Feng Shen, Wu Xianda, Bao Andong, Lin Guanyang, Sun Pengtao, Cen Huan, Chen Sinan, Liu Yuexia, He Wenning, Pang Zhiqiang, Zhang Han
Department of Electronics and Information Engineering, South China Normal University (SCNU), Foshan, China.
School of Physics and Telecommunication Engineering, South China Normal University (SCNU), Guangzhou, China.
Front Physiol. 2023 Jan 19;13:1068824. doi: 10.3389/fphys.2022.1068824. eCollection 2022.
Under the influence of COVID-19 and the in-hospital cost, the in-home detection of cardiovascular disease with smart sensing devices is becoming more popular recently. In the presence of the qualified signals, ballistocardiography (BCG) can not only reflect the cardiac mechanical movements, but also detect the HF in a non-contact manner. However, for the potential HF patients, the additional quality assessment with ECG-aided requires more procedures and brings the inconvenience to their in-home HF diagnosis. To enable the HF detection in many real applications, we proposed a machine learning-aided scheme for the HF detection in this paper, where the BCG signals recorded from the force sensor were employed without the heartbeat location, and the respiratory effort signals separated from force sensors provided more HF features due to the connection between the heart and the lung systems. Finally, the effectiveness of the proposed HF detection scheme was verified in comparative experiments. First, a piezoelectric sensor was used to record a signal sequences of the two-dimensional vital sign, which includes the BCG and the respiratory effort. Then, the linear and the non-linear features w.r.t. BCG and respiratory effort signals were extracted to serve the HF detection. Finally, the improved HF detection performance was verified through the LOO and the LOSO cross-validation settings with different machine learning classifiers. The proposed machine learning-aided scheme achieved the robust performance in the HF detection by using 4 different classifiers, and yielded an accuracy of 94.97% and 87.00% in the LOO and the LOSO experiments, respectively. In addition, experimental results demonstrated that the designed respiratory and cardiopulmonary features are beneficial to the HF detection (LVEF ). This study proposed a machine learning-aided HF diagnostic scheme. Experimental results demonstrated that the proposed scheme can fully exploit the relationship between the heart and the lung systems to potentially improve the in-home HF detection performance by using both the BCG, the respiratory and the cardiopulmonary-related features.

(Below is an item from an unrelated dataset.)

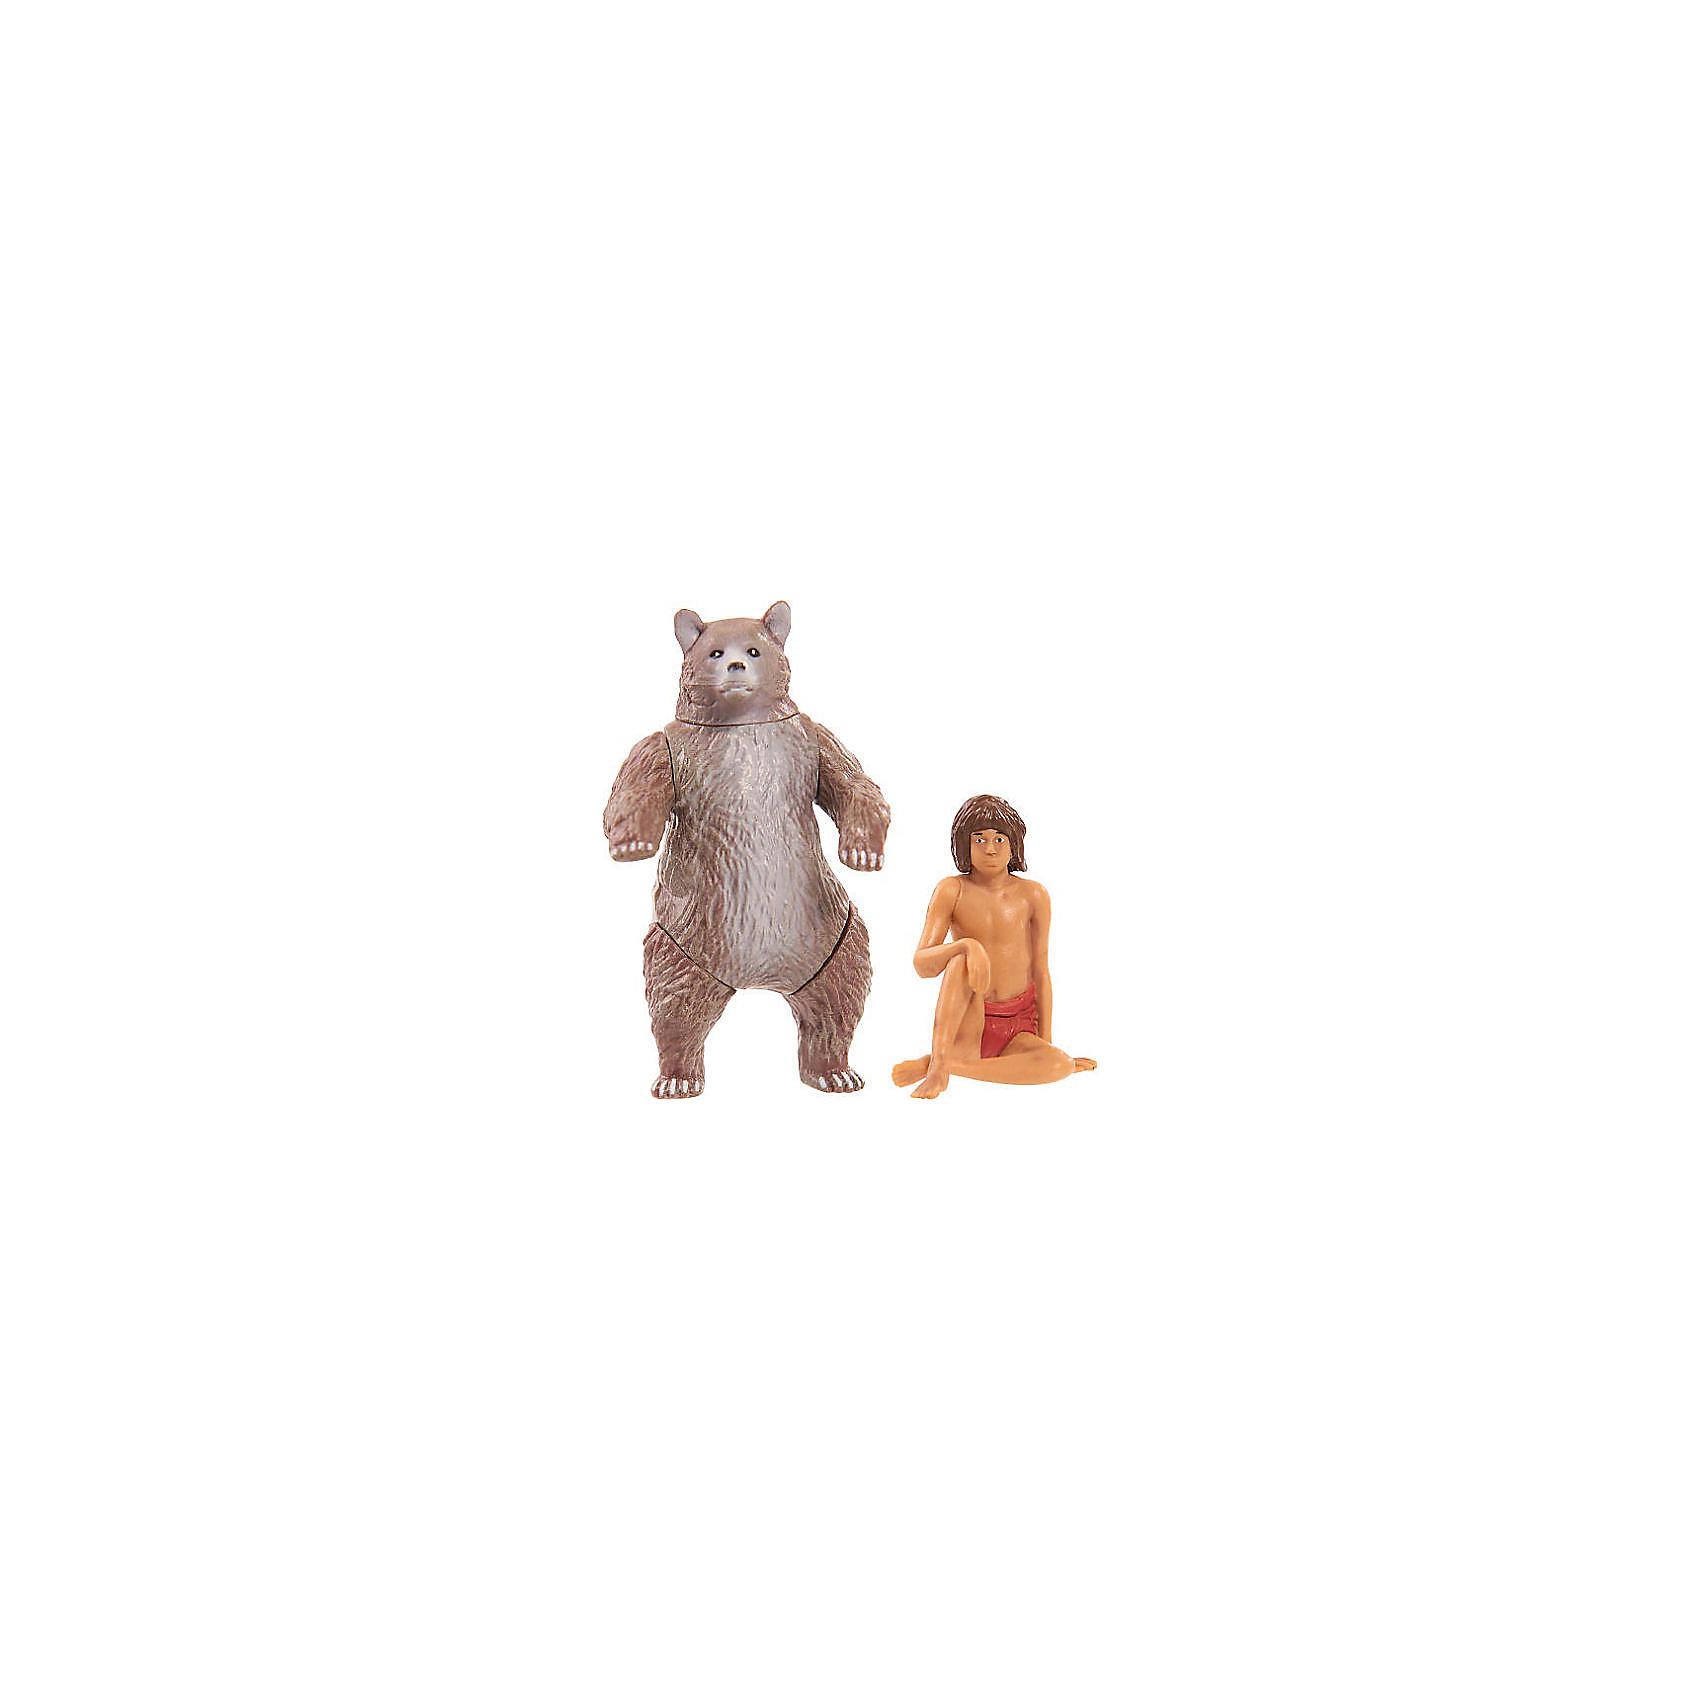 Фигурки Книга Джунглей - Балу и МауглиЛюбимые герои<br>Характеристики товара:<br><br>- цвет: разноцветный;<br>- материал: пластик;<br>- размер упаковки: 20х8х21см;<br>- вес: 230 г;<br>- комплект: 2 фигурки.<br><br>Играть с фигурками из любимого фильма - вдвойне интереснее! Фигурки героев Книги Джунглей очень красивые, они хорошо детализированы. Каждая фигурка отлично выполнена, поэтому она станет желанным подарком для ребенка. Такое изделие отлично тренирует у ребенка разные навыки: играя с фигурками, ребенок развивает мелкую моторику, цветовосприятие, внимание, воображение и творческое мышление. В наборе - 2 фигурки.<br>Из этих фигурок можно собрать целую коллекцию! Изделие произведено из высококачественного материала, безопасного для детей.<br><br>Игрушку Медведь от бренда Jungle Book можно купить в нашем интернет-магазине.<br><br>Ширина мм: 210<br>Глубина мм: 200<br>Высота мм: 80<br>Вес г: 230<br>Возраст от месяцев: 36<br>Возраст до месяцев: 2147483647<br>Пол: Унисекс<br>Возраст: Детский<br>SKU: 5140207

在新冠疫情及住院费用的影响下,近期利用智能传感设备在家中检测心血管疾病变得愈发流行。在有合格信号的情况下,心冲击图(BCG)不仅能反映心脏的机械运动,还能以非接触方式检测心力衰竭(HF)。然而,对于潜在的HF患者,借助心电图进行额外的质量评估需要更多步骤,给他们在家中进行HF诊断带来不便。为了在许多实际应用中实现HF检测,我们在本文中提出了一种用于HF检测的机器学习辅助方案,其中使用从力传感器记录的BCG信号而无需心跳位置,并且由于心脏和肺部系统之间的联系,从力传感器分离出的呼吸用力信号提供了更多HF特征。最后,在对比实验中验证了所提出的HF检测方案的有效性。首先,使用压电传感器记录二维生命体征的信号序列,其中包括BCG和呼吸用力信号。然后,提取与BCG和呼吸用力信号相关的线性和非线性特征以用于HF检测。最后,通过使用不同机器学习分类器的留一法(LOO)和留样本外法(LOSO)交叉验证设置,验证了改进后的HF检测性能。所提出的机器学习辅助方案通过使用4种不同分类器在HF检测中实现了稳健性能,在LOO和LOSO实验中分别取得了94.97%和87.00%的准确率。此外,实验结果表明,所设计的呼吸和心肺特征有利于HF检测(左心室射血分数)。本研究提出了一种机器学习辅助的HF诊断方案。实验结果表明,所提出的方案可以充分利用心脏和肺部系统之间的关系,通过同时使用BCG、呼吸和心肺相关特征来潜在地提高在家中进行HF检测的性能。